So,
y’all know about the gift economy, right? (The wiki article can give you
a decent idea, just in case you don’t.) I’d like to talk about it in sort of
casual terms here. Like, how it happens casually whenever we’re just hanging
out with one another, and how that can be fine or escalate badly. Here are some
examples.
In
platonic friendships, we take each other’s feelings into consideration, right?
I mean, unless you’re just a terrible friend or something, you do. You try to
make your friend laugh. You try to make your friend smile. In exchange, they do
the same. This solidifies and strengthens the friendship over time. Doesn’t
that count as a gift exchange? I mean, the most default reason we form
friendships because it’s mutually beneficial for us to do so, even if that
benefit is just a laugh together here and there. But I’m not at all saying that
this should cheapen friendship. I’m not even saying that it’s bad. I’m just
saying that that’s the way it is. Although, it can be bad sometimes. For
example, if your friend were to do something nice for you, and then use that to
push you into a position of helping them with something you don’t feel
comfortable helping with/something that’s much more difficult than what they
did for you, that’s an example of a toxic friendship.
As
you can probably guess, this also applies to romantic relationships. I mean,
all of the exchanges in genuinely platonic friendship can apply here as well,
but there are some extra ones in romantic relationships. Or at the very least,
the platonic ones can be pushed in different directions here. Like, you know,
toxic partners trying to guilt you do things you don’t feel comfortable doing.

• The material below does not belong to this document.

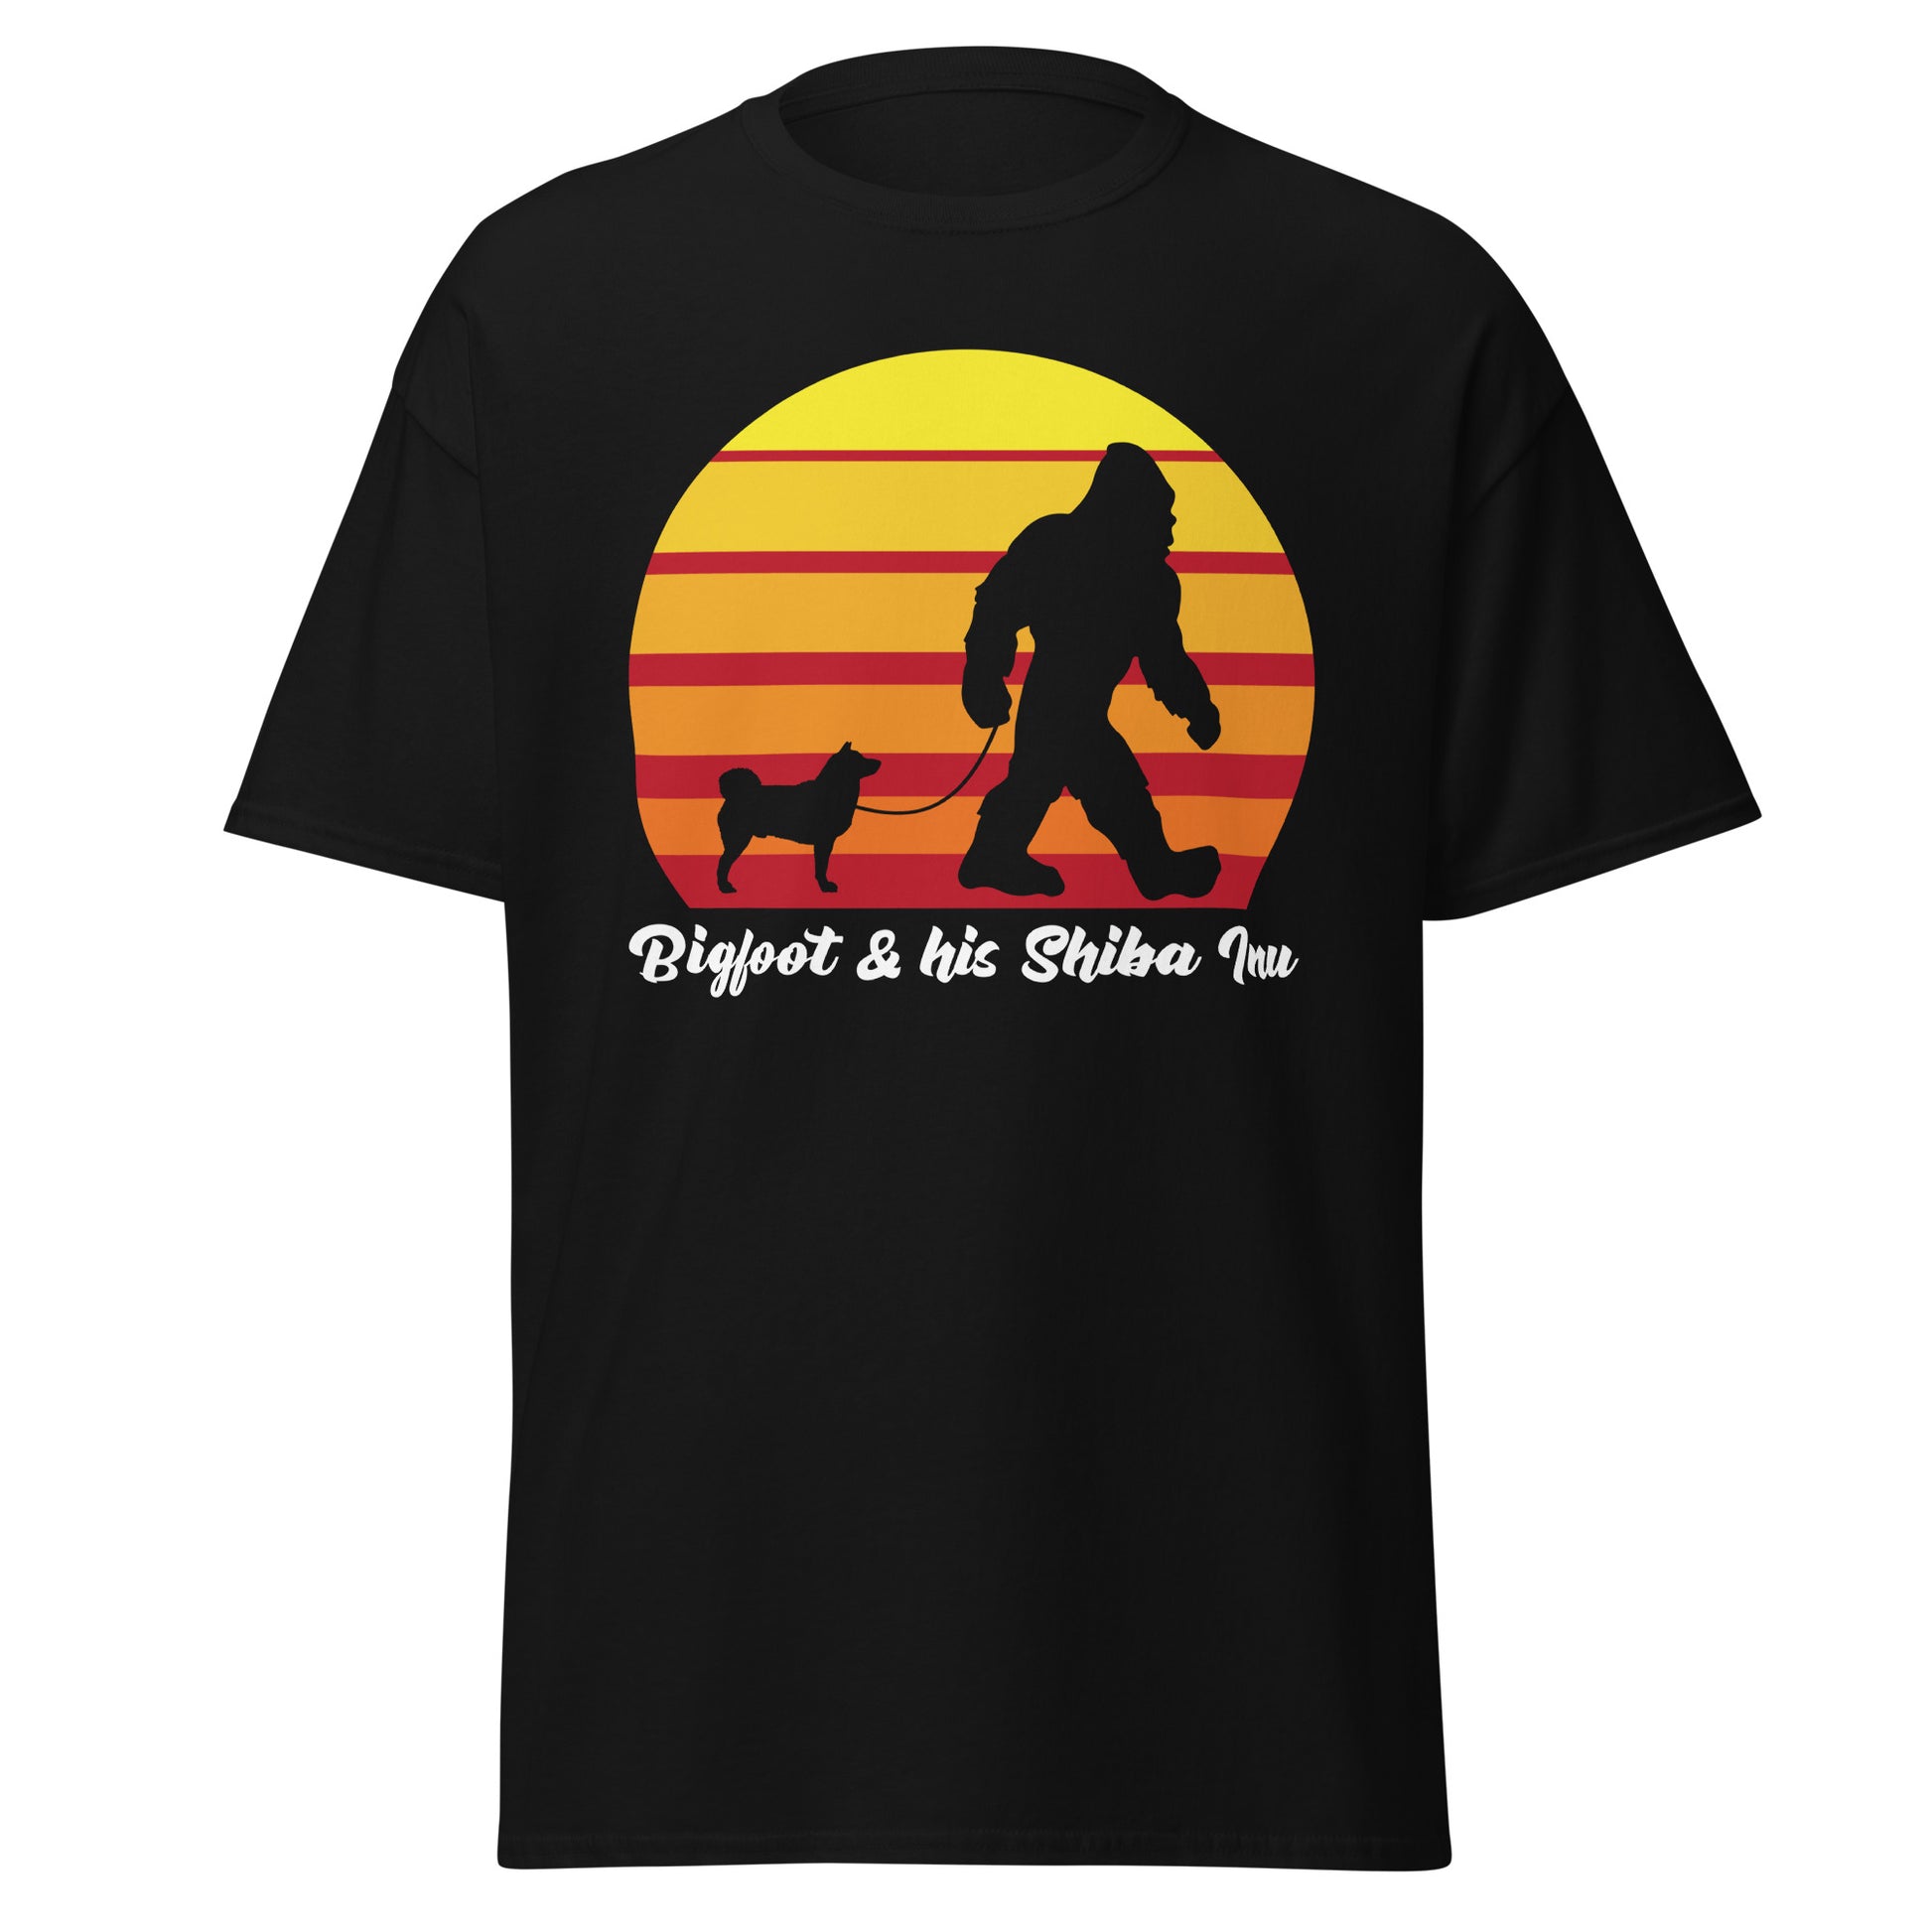 Bigfoot and his Shiba Inu men’s black t-shirt by Dog Artistry.

Because they did A for you, so shouldn’t you give them B? Yeah, that’s the gift
economy all right, and it’s a super toxic form of it. Again, it’s not always
terrible like that though. A healthy relationship-based gift economy is sincere
mutual enjoyment of one another’s company.
Expanding
on that, you know nice guys?
If not, you may just want to leave here and now. Turn back while you still can,
it’s better the way you have it. They embody the worst parts of both platonic
and romantic gift economies. (And before anyone says it, yes, I know that anyone
of any gender can be a “nice guy.”) They will typically act like a friend, but
then start demanding that, rather than receiving mutual friendship in exchange,
you’re obligated to date them. And of course, if you don’t see this as a
reasonable exchange (as any sane person wouldn’t), they insist that you’ve
abused the gift economy. They gave you their gift and received “nothing” in
exchange.
Can
I stop here for a moment and talk about a personal experience? I think it might
aid the discussion if I can offer a more specific example. I was homeschooled
for basically all of my pre-college education. For my last couple years of high
school, I took math at a (very religious) co-op in a neighboring town. If you,
like most people, were not homeschooled, a co-op is a place where homeschoolers
gather to take select classes together on certain days. My math class, for example,
only met twice a week, and we’d have daily work to do at home. And, as anyone
who knows me at all will tell you, I’m lesbian and femme-aligned nonbinary or a
demigirl or whatever. There’s a point here, I promise. I had trouble making
friends there, and maybe that’s because the other people there were more
“gross, that scientist’s name is pronounced ‘gay,’
ha-ha,” type of students. But as time went on, I did, eventually make a friend.
Let’s call him Derek. He was the only other nerd in our tiny class at the time,
and it was great to find someone who I could discuss my geeky interests with.
Our friendship formed around the exchange of us both wanting to talk about our
interests and having one another to discuss it with. Even when it was an
interest that we didn’t both share, I’d get to talk about mine for a while,
then he’d get to talk about his for a while. The gift exchange was pretty
clear-cut, and we seemed to be getting along really well. But then, we hit the
second in-class day of my senior year. My first in-class day had been kind of
rough, and I was kind of dreading that second one. With my mom assuring me it
would be fine, I went back to class. But let’s pause there for a second.
Remember how I mentioned that anyone who really knows me knows I’m queer as a three-dollar
bill? Well, longish story short, it came up in text-conversation, and I
mentioned that I had a girlfriend. Back to that second in-class day, Derek
confronted me on the way to my classroom. I don’t want to get into the
specifics, because that’s personal, and I don’t feel comfortable talking about
it on the internet. Let it suffice to say that I managed to keep the situation
calm with nauseating amounts of politeness and praise, but he kept saying how
it was unfair to him that I “chose” to be a lesbian, because he wanted to be
with me.
I
wanted to share that particular story because it offers specific real-life
examples of a seemingly healthy platonic friendship exchange, how that morphed
into a more toxic one-sided-romantic relationship, and how one can easily become
the other. I encourage anyone reading this to think about how their own relationship-based
gift exchanges morph over time.
All
in all, I think that gift economics can help us better understand the way that
relationships operate, and the way that we interact with each other. Maybe
think over some instances of this from your own life and ask yourself if it was
an equivalent exchange. You can use it to evaluate which relationships in your
life are healthy or unhealthy, if you look at it right.